* [ASSIGNMENT]: Output exactly the lines spanning from the line containing "12 Ft Single" to the last line of the entries, inclusive.

* [THE DATA]:
□ □ □
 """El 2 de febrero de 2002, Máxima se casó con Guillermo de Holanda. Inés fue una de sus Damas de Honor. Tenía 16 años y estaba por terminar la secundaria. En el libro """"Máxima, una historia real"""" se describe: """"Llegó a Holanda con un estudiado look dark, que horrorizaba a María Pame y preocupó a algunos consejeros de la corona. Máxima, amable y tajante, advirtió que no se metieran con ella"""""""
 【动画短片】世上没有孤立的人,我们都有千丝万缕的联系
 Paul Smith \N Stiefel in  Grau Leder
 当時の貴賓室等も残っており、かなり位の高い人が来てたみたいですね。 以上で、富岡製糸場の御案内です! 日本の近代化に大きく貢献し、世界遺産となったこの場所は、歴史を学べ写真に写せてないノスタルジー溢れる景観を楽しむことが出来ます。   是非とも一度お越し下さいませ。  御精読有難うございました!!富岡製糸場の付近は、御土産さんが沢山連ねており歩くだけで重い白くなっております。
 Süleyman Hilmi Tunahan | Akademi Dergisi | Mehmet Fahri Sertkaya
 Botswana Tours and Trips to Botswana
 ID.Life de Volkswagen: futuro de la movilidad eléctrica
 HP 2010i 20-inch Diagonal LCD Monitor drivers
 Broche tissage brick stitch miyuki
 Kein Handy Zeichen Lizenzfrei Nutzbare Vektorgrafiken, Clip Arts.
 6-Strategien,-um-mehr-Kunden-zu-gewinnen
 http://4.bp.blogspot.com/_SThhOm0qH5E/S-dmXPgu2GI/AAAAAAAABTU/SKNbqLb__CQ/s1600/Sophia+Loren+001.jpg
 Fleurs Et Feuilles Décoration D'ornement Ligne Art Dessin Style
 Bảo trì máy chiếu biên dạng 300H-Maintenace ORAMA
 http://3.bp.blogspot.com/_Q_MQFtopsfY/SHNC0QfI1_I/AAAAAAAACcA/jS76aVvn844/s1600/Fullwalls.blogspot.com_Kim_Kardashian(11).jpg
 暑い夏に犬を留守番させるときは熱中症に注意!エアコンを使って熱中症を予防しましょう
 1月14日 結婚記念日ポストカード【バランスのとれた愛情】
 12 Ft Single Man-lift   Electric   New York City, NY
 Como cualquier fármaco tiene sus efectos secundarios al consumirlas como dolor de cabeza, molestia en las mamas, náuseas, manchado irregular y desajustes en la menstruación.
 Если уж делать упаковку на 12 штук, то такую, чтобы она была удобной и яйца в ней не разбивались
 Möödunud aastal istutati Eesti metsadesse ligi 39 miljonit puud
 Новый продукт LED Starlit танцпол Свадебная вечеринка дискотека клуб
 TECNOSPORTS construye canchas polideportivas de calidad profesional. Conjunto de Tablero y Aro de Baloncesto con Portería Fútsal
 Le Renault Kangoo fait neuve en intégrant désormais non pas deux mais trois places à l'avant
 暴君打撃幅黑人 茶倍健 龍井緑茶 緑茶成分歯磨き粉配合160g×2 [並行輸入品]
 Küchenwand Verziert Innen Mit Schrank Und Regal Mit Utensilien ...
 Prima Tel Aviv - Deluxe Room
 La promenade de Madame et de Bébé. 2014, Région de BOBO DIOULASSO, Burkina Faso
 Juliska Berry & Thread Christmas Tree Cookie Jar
□ □ □
* [RESPONSE BELOW]:
 12 Ft Single Man-lift   Electric   New York City, NY
 Como cualquier fármaco tiene sus efectos secundarios al consumirlas como dolor de cabeza, molestia en las mamas, náuseas, manchado irregular y desajustes en la menstruación.
 Если уж делать упаковку на 12 штук, то такую, чтобы она была удобной и яйца в ней не разбивались
 Möödunud aastal istutati Eesti metsadesse ligi 39 miljonit puud
 Новый продукт LED Starlit танцпол Свадебная вечеринка дискотека клуб
 TECNOSPORTS construye canchas polideportivas de calidad profesional. Conjunto de Tablero y Aro de Baloncesto con Portería Fútsal
 Le Renault Kangoo fait neuve en intégrant désormais non pas deux mais trois places à l'avant
 暴君打撃幅黑人 茶倍健 龍井緑茶 緑茶成分歯磨き粉配合160g×2 [並行輸入品]
 Küchenwand Verziert Innen Mit Schrank Und Regal Mit Utensilien ...
 Prima Tel Aviv - Deluxe Room
 La promenade de Madame et de Bébé. 2014, Région de BOBO DIOULASSO, Burkina Faso
 Juliska Berry & Thread Christmas Tree Cookie Jar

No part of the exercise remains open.